There’s a moral quandary at the core of Western human intelligence practices.
Should intelligence agencies dirty their hands by working with and perhaps even paying human rights abusers and those engaged in illicit activities?
Many human rights activists and progressives would say absolutely not, but the issue isn’t so cut-and-dry. While in an ideal world the CIA would not work with those with blood on their hands, often it is these very same people whom it is necessary to compromise to gain insight into decision-making and activities.
In one prominent example, the CIA partnered with a terrorist who had killed Americans in order to attain information which helped France capture Carlos the Jackal, one of the most notorious terrorists of the pre-9/11-era.
The important thing for intelligence operators is not to lose sight of the forest for the trees.
Manuel Noriega, for example, was a US intelligence asset as his military career developed and even when he became Panama’s dictator. But, as he grew increasingly erratic, the CIA cut him loose. Ultimately, he became a target rather than a partner.
The same is true of Gulbuddin Hekmatyar, an Afghan warlord and Mujahedin commander with whom the CIA worked briefly during Afghanistan’s fight against the Soviets — before concerns about his megalomania, sociopathic cruelty, and the blowback from these characteristics became too much even for Langley.
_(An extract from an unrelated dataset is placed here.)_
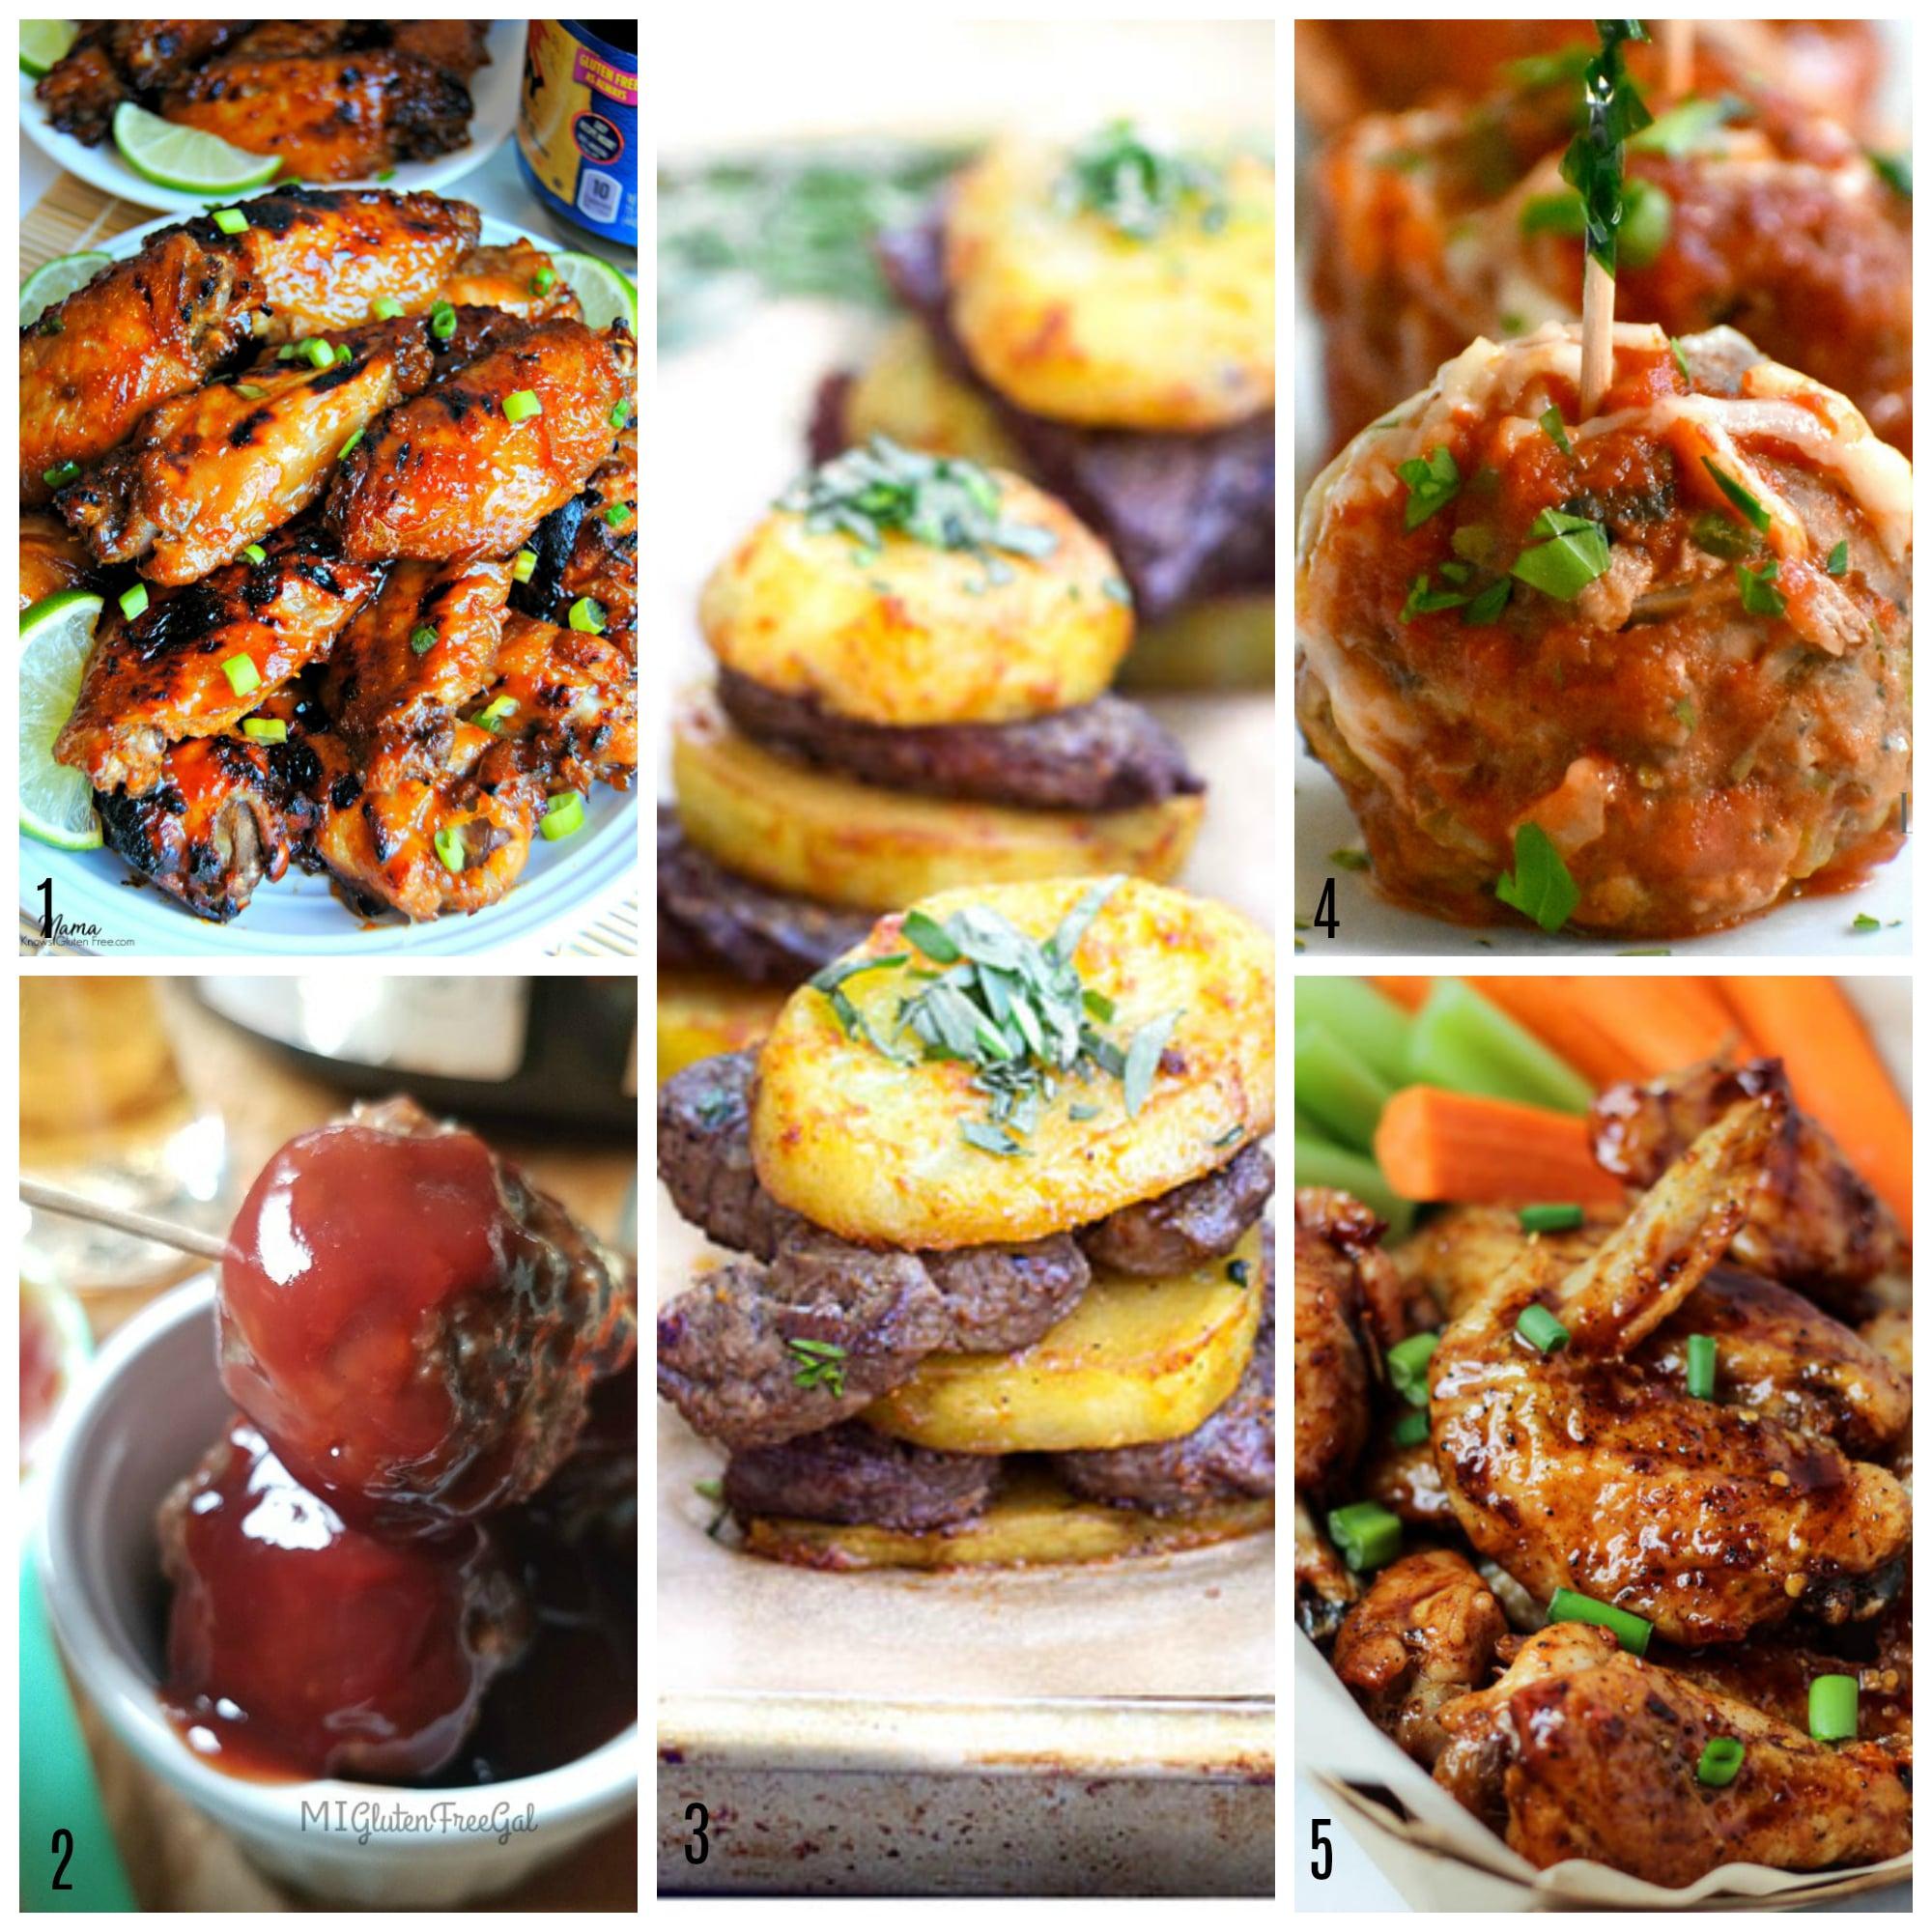 Gluten-Free Meat Appetizers

In Pakistan, too, the CIA has developed a love-hate, but increasingly hate-hate, relationship with its former contacts in Pakistan’s Inter-Services Intelligence.
Now, it seems, the US intelligence community is beginning to have buyer’s remorse with regard to some of its key partners in Iraqi Kurdistan. The United States has long worked with Kurdistan Democratic Party leader Masud Barzani, who, alongside rival Jalal Talabani, controlled Iraqi Kurdistan.
Both men were nepotistic, and each appointed their sons to key administrative and security positions: Barzani placed his oldest son Masrour in charge of the security services and later installed him as chancellor of the Kurdistan Region Security Council, and Talabani placed his older son Bafil (Pavel) in charge of his party’s intelligence service.
Jalal Talabani, however, eventually forced his son into a London exile out of concern about his increasingly erratic and violent behavior. (Talabani nephew Lahur, however, continues to run a local anti-terrorism force).
Barzani, however, is far more a tribal leader and has been reticent to hold his children accountable for their actions. He has raised them to believe they are superior. He schooled them in their own private school where they learned, socialized, and interacted primarily with family members. Masrour Barzani’s erratic behavior is no secret.